It was written in one go, and is as such technically a draft, but I like how it turned out, so I haven't fiddled with it yet. ^^]_

A girl has needs, and she can drive herself nuts trying to find the guy in her life who can satisfy all of them. Most girls end up settling for the guy who fulfills the most needs, or at least the most important one(s)... But why settle? Why compromise when you -can- have it all? I can tell you from experience that having it all -does- make you happier. Allow me to elaborate.

A few years ago, I decided to settle for a guy who could provide me with one of the most basic of needs, namely security, fulfilling it so that I at least wouldn't have to worry about -that-. I went ahead and married this somewhat nerdy German Shepherd who had been trying to win my affection for several years. I had a bit of a reputation as a slut in school, even though most of the stories were highly exaggerated, but either he didn't know about it, or he just didn't care. I -had- considered the third option, that he was hoping to get into my panties, but that theory was put to shame on our first date. The most he did was to kiss me softly on the cheek as he said goodnight. I wont go too much into details, but he began to grow on me, and it was around that time that I realized I couldn't keep on thinking solely about fun, but had to think of my future, so we got married, and it was on the wedding night that I first realized, that maybe waiting until this night wasn't such a good idea after all. It's true to some extent that size doesn't matter, but this was just silly. I hadn't been with anyone else for a couple of months prior to our wedding, and yet I still couldn't feel a thing. I didn't tell him, though, but instead I played along, pretending to get off on it.

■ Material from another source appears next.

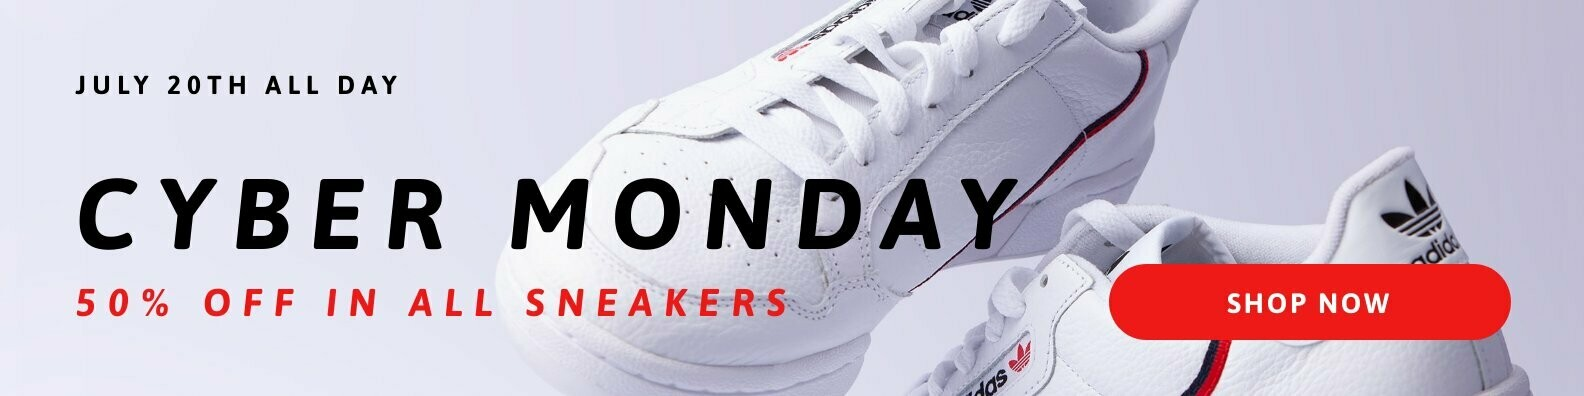 Cyber Monday Promo LinkedIn Header

Let us fast forward a bit, as I really do not wish to waste time describing how things went. Don't get me wrong, Tristan was a wonderful husband and a good provider, but left a lot to be desired in the sexual department, and it didn't help that he wasn't exactly the most romantic guy in the world either.. But those are some of the sacrifices you have to make, right? At first I thought so, but gradually I began to realize that I did not have to make these compromises. Why should I be punished because men's needs are fewer and easier to fulfill? It hardly seems fair, so from that moment on, I allowed myself to actually notice some of the guys around me, that I had subconsciously filtered out previously, and once I did that, I wondered how I ever -could- have blocked some of these guys out.

My first fling was with this absolutely dreamy coyote at work. They say that office romances never work out, but then again, they also claim that size doesn't matter, so I'm starting to notice a pattern here.. The truth is that our romance worked out perfectly. He was assigned to the project I was working on, and it wasn't long before we could both feel the spark, but despite my best efforts to flirt with him, he was holding back, probably because he knew I was married. He couldn't keep on holding back, however, and so one day, while we were looking over some conceptual drawings, I felt his touch. It was soft and kinda cautious at first, but as I made no objections he got a bit bolder. Now you need to understand that Poul was at all times the perfect gentleman, so when his caresses got more intimate, this actually involved him lightly scritching and caressing my neck, one of my weakest spots. I softly moaned after just a few moments of this, and as I felt him moving behind me, his body pressing against mine, his breath on my neck, I tilted my head to the side in obvious invitation. At that moment I no longer had any doubts. I had to have him, no matter what.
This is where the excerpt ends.